5. Running the experiment
Once both sides are configured:
On the server machine:
python run_server.pyThe server will start and wait for clients to connect.
On each client machine:
python run_client_override_splits.pyEach client will:
Load its local CSV data
Apply the default or overridden splits
Participate in federated training rounds coordinated by the server
During training:
The server runs for
num_rounds(here 10).Every
saveOnRoundsrounds (here 3), a checkpoint is written tosavingPathon the server (./ in the example).Metrics (loss, accuracy, etc.) are logged via the strategy / server logic implemented in
MEDfl.rw.
6. Customizing splits per client
Sometimes you want fine-grained control over how each client splits its
data. MEDfl allows this through the client_fractions dictionary.
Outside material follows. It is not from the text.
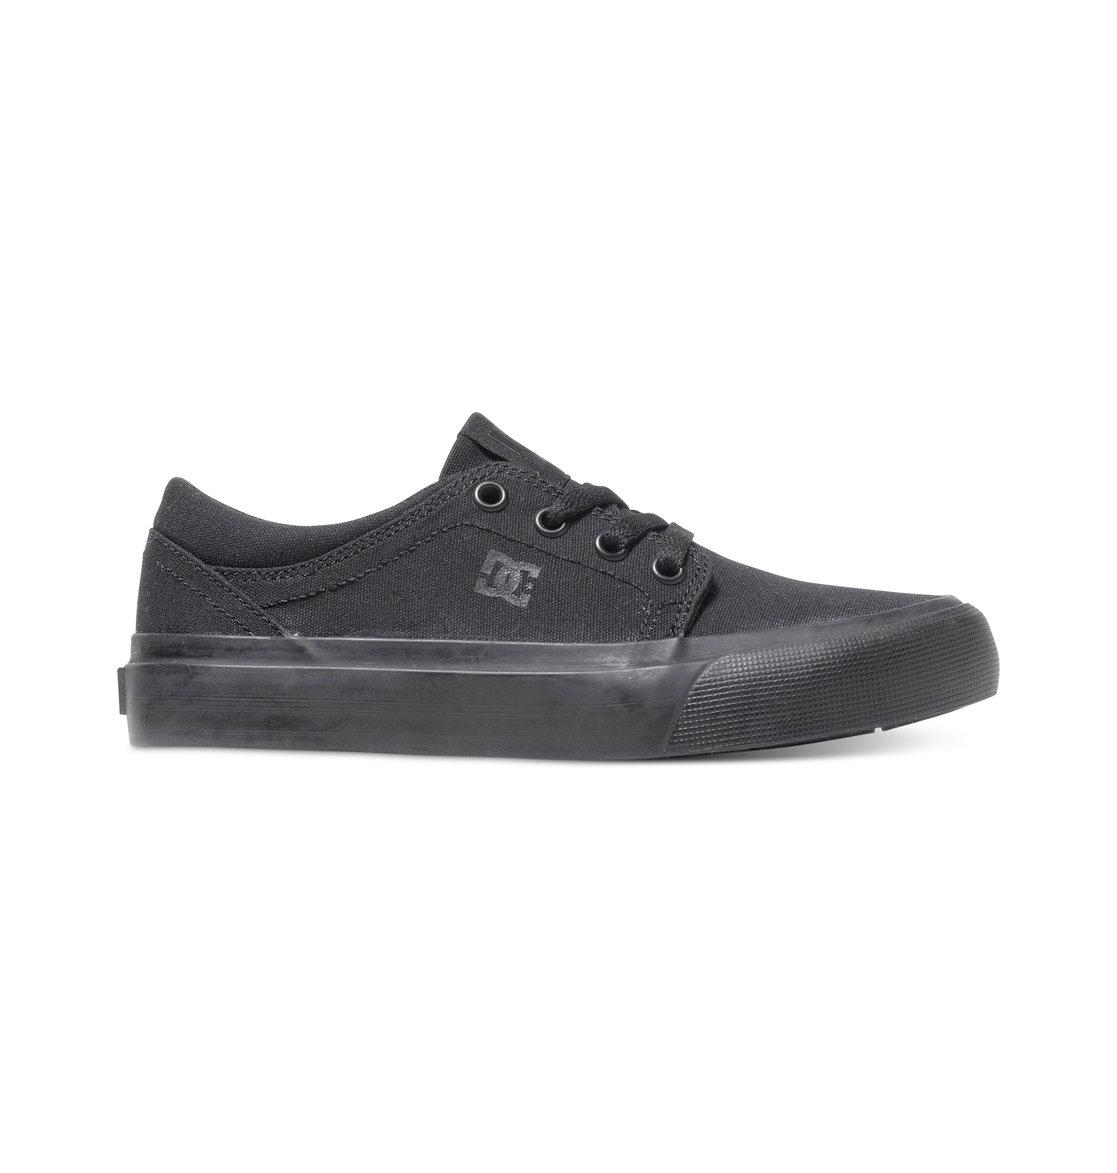 Trase TX - Chaussures basses pour garçon - DC Shoes

Example: a client with hostname dinf-medomi-05b should:
Use 10% of its data as validation,
Use a specific set of IDs as test data.
client_fractions = {
"dinf-medomi-05b": {
"val_fraction": 0.10,
"test_ids": list(range(1500)), # IDs 0..1499
}
}
custom_strategy = Strategy(
# ...
client_fractions=client_fractions,
)
On that specific machine:
The effective validation fraction will be 0.10 (instead of the default 0.15).
Samples whose
idis intest_idswill be forced into the test set.
Note
Make sure that:
The hostname key (e.g.
"dinf-medomi-05b") exactly matches the name seen by MEDfl on the client machine.The
id_colin the strategy configuration matches the ID column in the client CSV files.
7. Summary
In this real-world tutorial, you have learned how to:
Prepare local CSV datasets for each client
Configure a FederatedServer with:
a specific aggregation strategy (
FedAvg)enforced feature/target schema
default and per-client validation/test splits
checkpoint saving
Configure and run FlowerClient instances on remote machines
Optionally enable Differential Privacy using
DPConfig
This setup corresponds to a true multi-institution environment where data never leaves the client machines, and only model updates are exchanged.